MSNBC tried running opinion and perspective programs in the afternoon, placing Ronan Farrow and Joy Reid there as part of a broader effort to lean into progressive and lifestyle topics. But CNN at the time was doubling down on breaking-news stories like downed planes and troubled cruise ships — and gaining traction. News soon came back.
Still, MSNBC’s current focus likely means its daytime anchors won’t get a call to stick around for a broadcast in primetime, even if the news is seismic. The network is gathering audiences for a sort of all-hands-on-deck format that features many of its opinion personalities hashing out big headlines. Chris Hayes, Alex Wagner, Lawrence O’Donnell, Rachel Maddow, and, soon, Jen Psaki are the ones with primetime shows that get replayed in the wee hours of the morning.
“We might not be there for the primetime special, for the big election night, but we are doing giant news during the day,” says Tur, including coverage of the recent January 6 hearings in Congress. “ I don’t feel like I’m being denied anything personally.” The anchors said NBCUniversal has a wide assortment of news assets and they can often find a chance to do something extra. Tur did a four-part docuseries with colleague Jacob Soboroff. Earlier this month. Mitchell landed an exclusive interview U.S. Ambassador Linda Thomas-Greenfield at the border of Chad and Sudan. The full exchange aired on her MSNBC program.

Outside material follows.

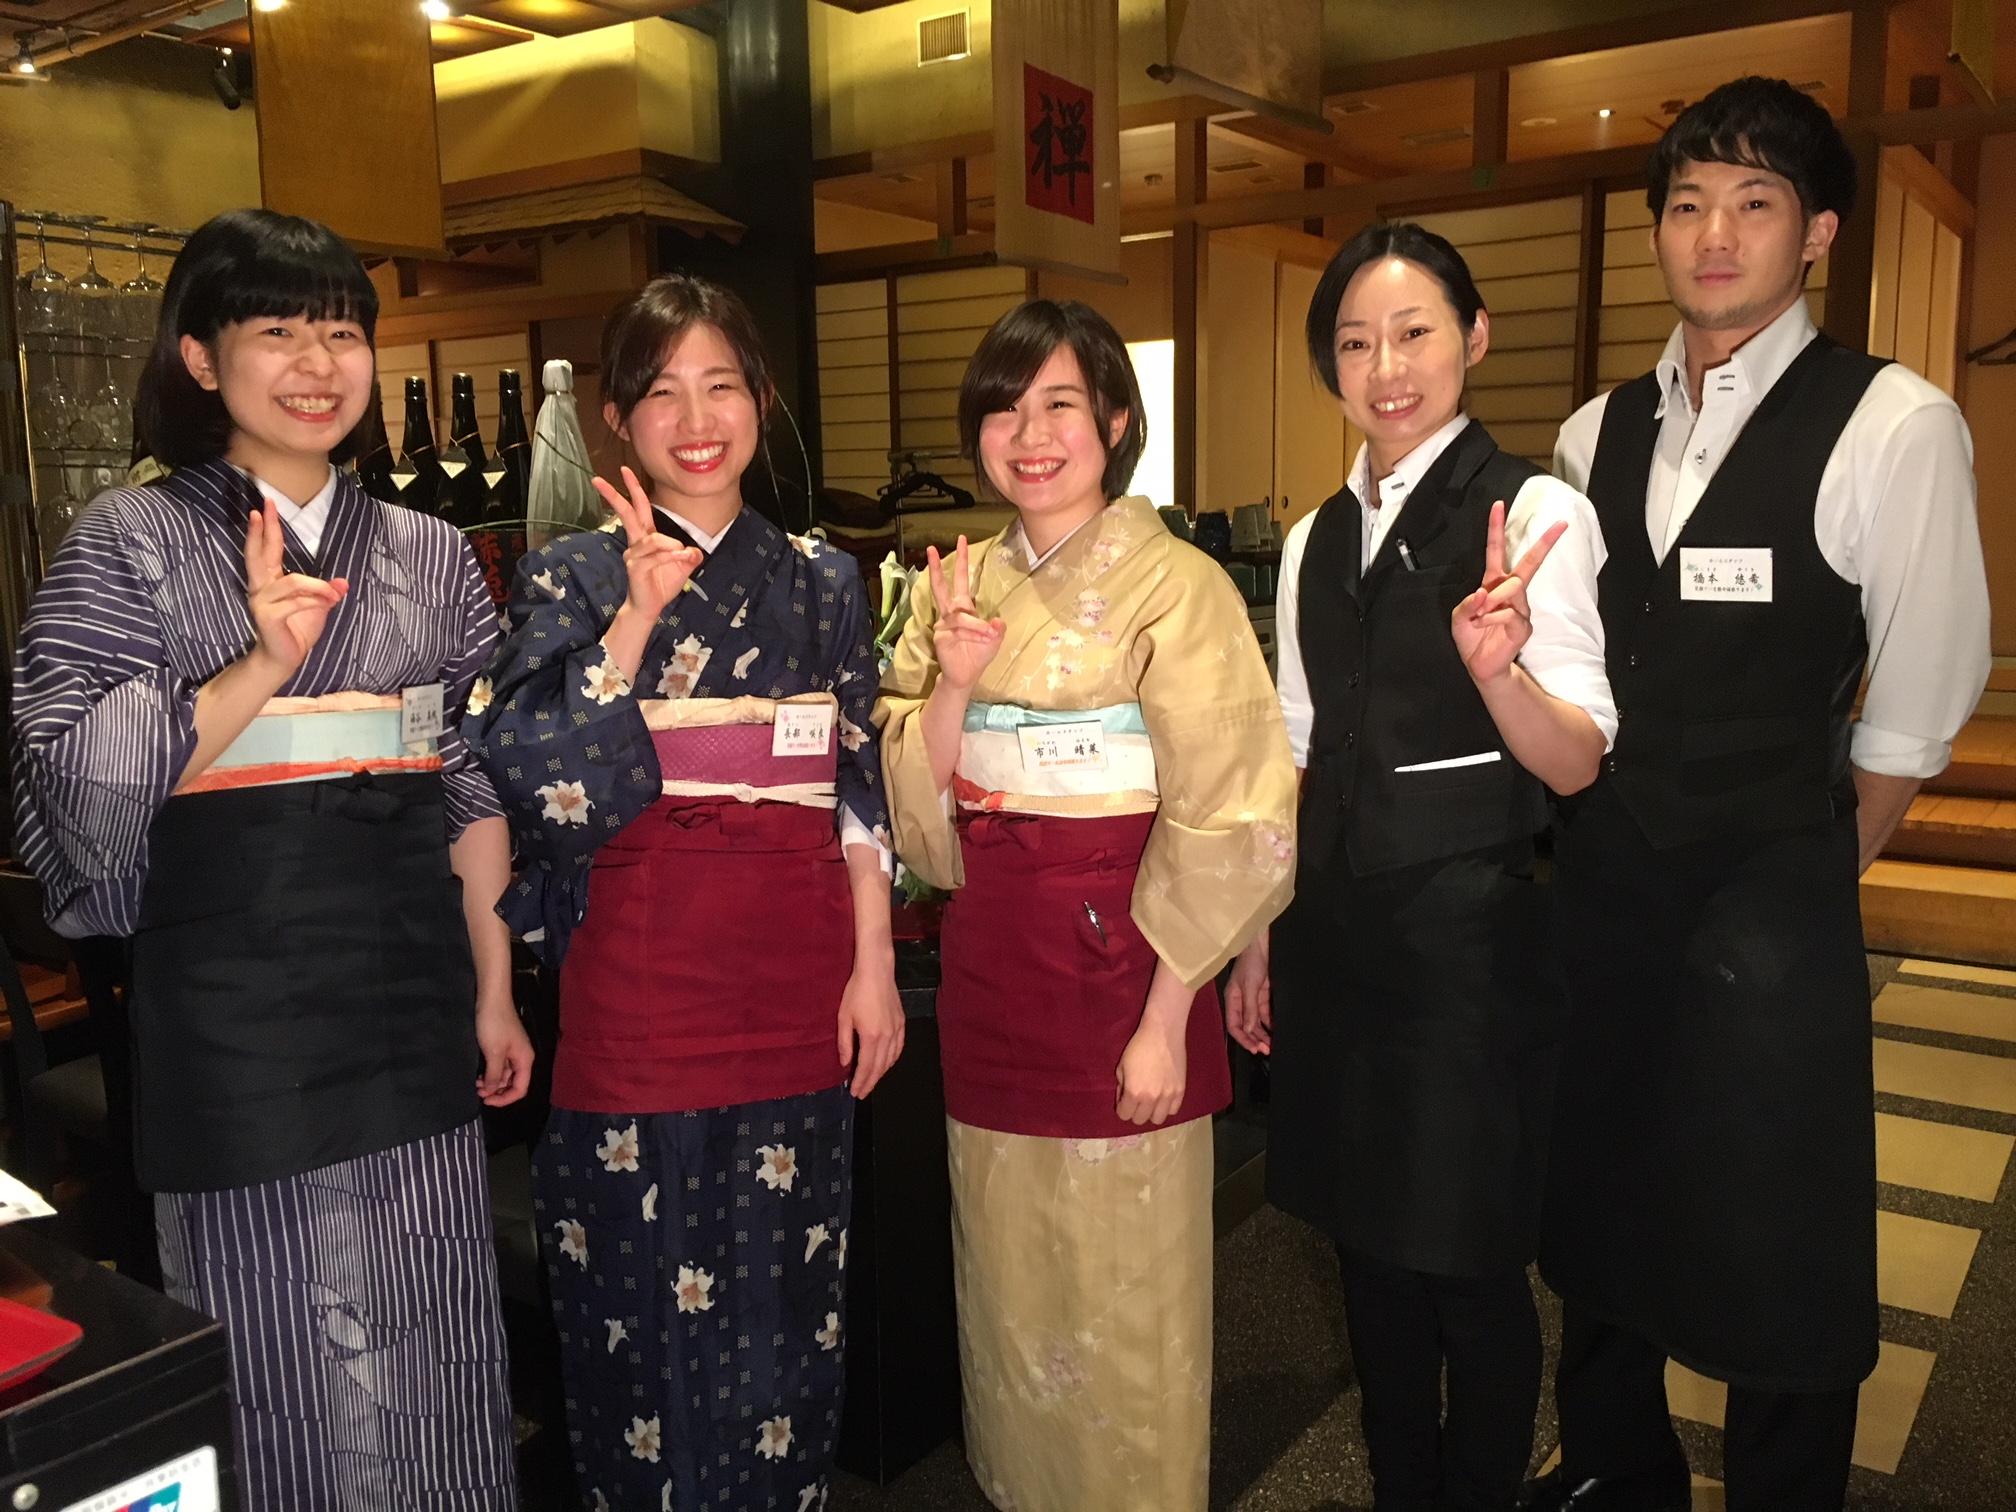 9月11日 札幌的餐厅:牛肉涮涮锅日式火锅专门店 禅(人气店 店员的照片)
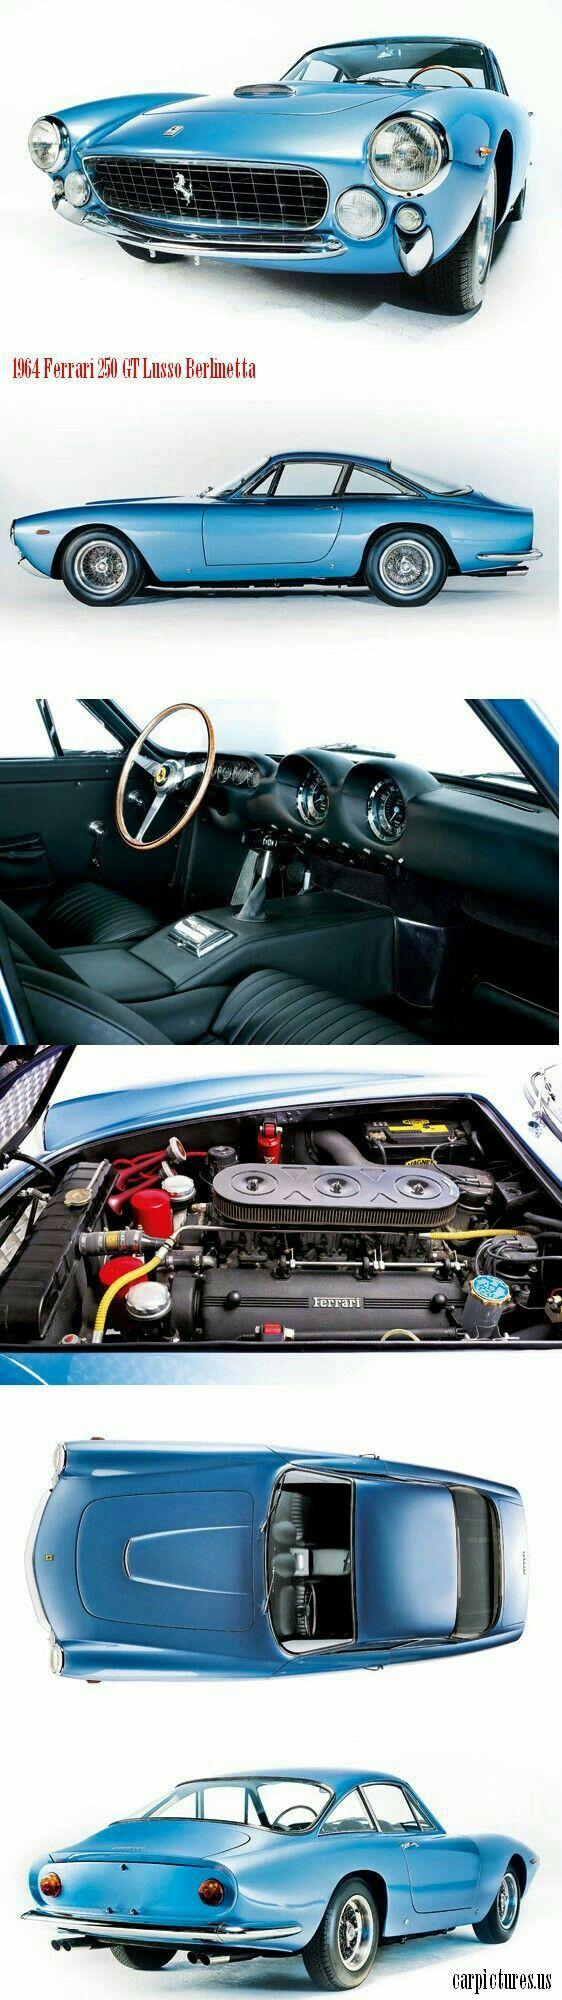 1964 Ferrari 250 GTO lusso Auta, Veteráni, Stáří

MSBNC’s breaking-news mission has clearly changed. In a different era, Brian Williams would turn up to lead hours of coverage during moments of high import. When he left at the end of 2021, he took with him a singular job: Who would serve as the “face” of the network during such scenarios? MSNBC never replaced him in the role, but as it turns out, Williams has many successors.